Даже теперь в ней заметна была явная перемена — перемена, достойная отчасти сожаления, хотя она придала ей новую прелесть. Фиби не была уже постоянно весела, как прежде. Глаза ее сделались чернее и глубже, а иногда своей бесконечной глубиной походили на артезианские колодцы. Она повзрослела и была теперь скорее женщиной, нежели той юной девушкой, какой мы увидели ее впервые, когда она спрыгнула со ступеньки омнибуса.
Единственным молодым человеком, с которым часто общалась Фиби, был Холгрейв. Если бы эти молодые люди встретились при других обстоятельствах, то ни один из них не думал бы о другом долго — разве только чрезвычайное несходство их характеров было бы побуждением к взаимному сближению. В первые дни своего знакомства с Холгрейвом, Фиби держала себя по отношению к нему намного осторожнее, чем это было свойственно ее простой и искренней натуре, и Холгрейв тоже не очень-то раскрывал ей душу. До сих пор она не могла утверждать, что знала его хорошо, хотя они встречались ежедневно и беседовали по-дружески и даже фамильярно.
Художник вкратце рассказал Фиби о своей жизни.
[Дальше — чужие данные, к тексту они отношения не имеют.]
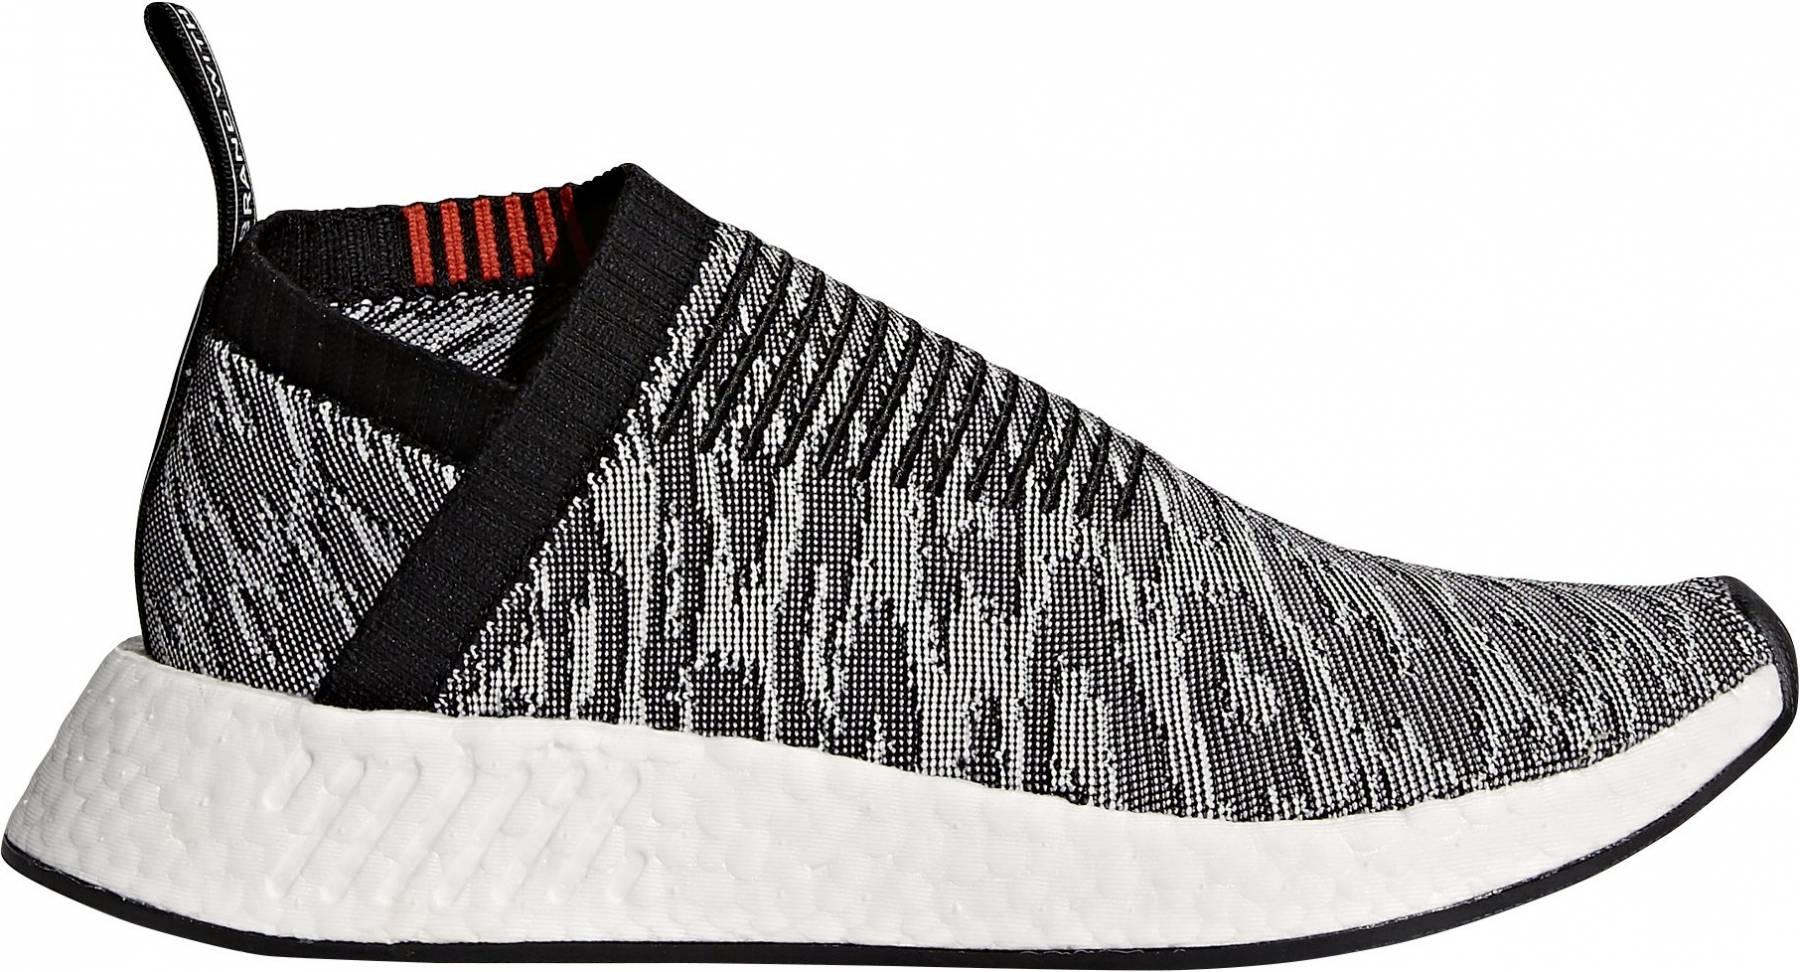 Adidas NMD_CS2 Primeknit sneakers in 8 colors (only $80) | RunRepeat

Он был еще молод, однако его жизнь казалась настолько богатой приключениями, что по ней можно было бы написать очень любопытный томик автобиографии. Холгрейв не мог похвалиться знатностью своего происхождения: он был сыном необразованных и бедных родителей; что же касается его воспитания, то оно ограничивалось только несколькими месяцами учебы в деревенской школе. Предоставленный самому себе, он еще мальчиком вынужден был искать средства к существованию, что помогло развиться его врожденной силе воли. Хотя ему было только двадцать два года (без нескольких месяцев, которые равны годам при такой жизни), он уже успел поработать в должности учителя в деревенской школе, приказчиком в деревенском магазине и в то же время или после — редактором политической деревенской газеты; потом он путешествовал по Новой Англии и центральным штатам в качестве разносчика одеколона. Кроме того, он изучал в теории и на практике зубную медицину, и притом с успехом. Затем, записавшись на какую-то должность на пакетботе, посетил Европу, видел Италию, бывал во Франции и Германии. А недавно читал публичные лекции о месмеризме, к которому имел замечательную способность (как сам он уверял).